Ah ! Un bon kir en apèro… un mêlé cass’ !
A notre époque où de nombreux clercs, évêques comme abbés, fricotent avec l’islam(isme) et invitent les prédicateurs musulmans à lire le Coran dans les églises, peut-être est-il plus sage de ne pas les inciter à s’occuper de nos affaires politiques. Lorsqu’ils auront repris raison et auront pris les armes (les arguments, un réarmement intellectuel) contre les conquérants, pourrons-nous à nouveau leur faire confiance. Aujourd’hui, les clercs de l’Eglise catholique sont, pour la plupart, tombés dans l’oecuménisme qui n’est qu’une lâcheté face à l’islam conquérant.

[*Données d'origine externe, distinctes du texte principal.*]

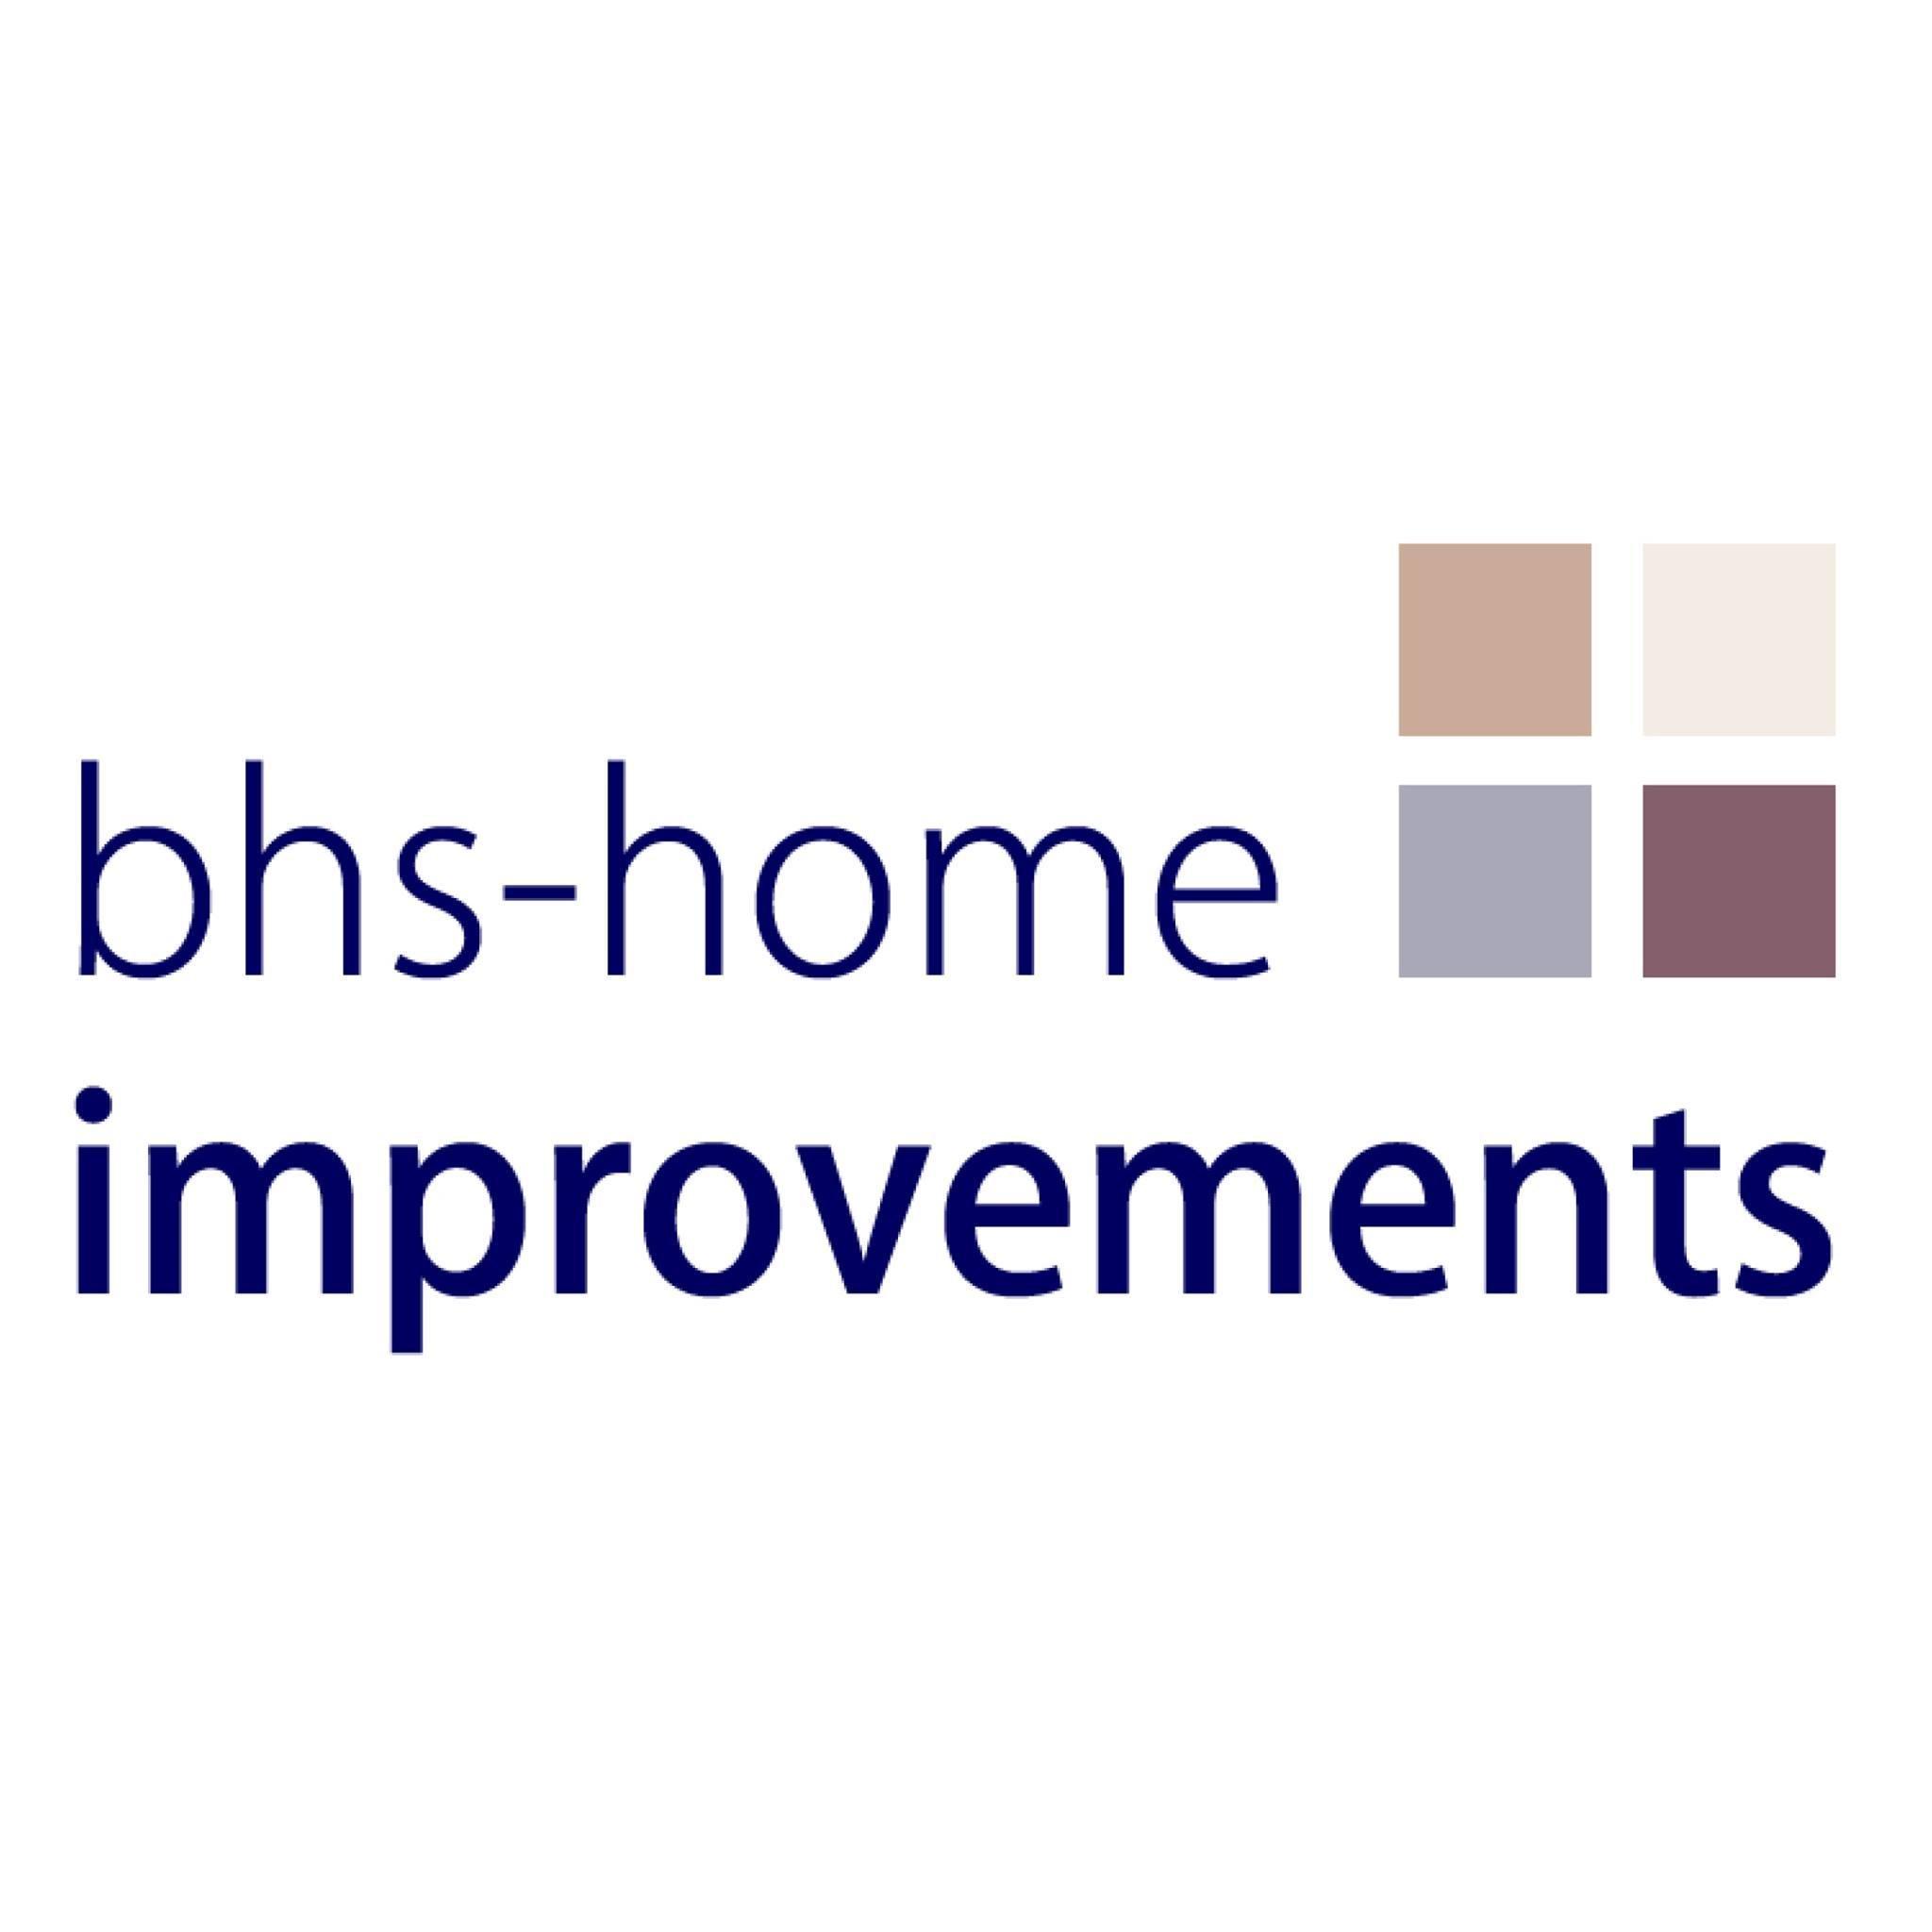 Bhs-Home improvement (@Bhsimprovements) | Twitter

Je l’ai rencontré devant l’Assemblée étant gamin, avec sa soutane, ses gros godillots… et son caractère! Assemblée d’où, d’ailleurs est partie la réputation du Kir. Vouant combattre la mévente de l’Aligoté, il avait persuadé la buvette d’en acheter et de servir les premiers Kir, que ses collègues ont largement répandu dans leurs circonscriptions….
« un élu dévoué à l’intérêt général, respectueux des institutions et attaché aux principes démocratiques » tout le contraire de ce que nous avons maintenant ,!
c’était avant !! Avant que d’autres religions importées viennent se superposer sur celle d’origine de notre pays !!
Il avait été aviateur durant la première Guerre Mondiale ; son avion s’appelait « Antoinette ».
Un peu difficile, le constructeur d’Antoinette ayant fait faillite en 1911…
Et il était, sur son âge, invité aux réceptions au mess off de la base de Dijon Longvic.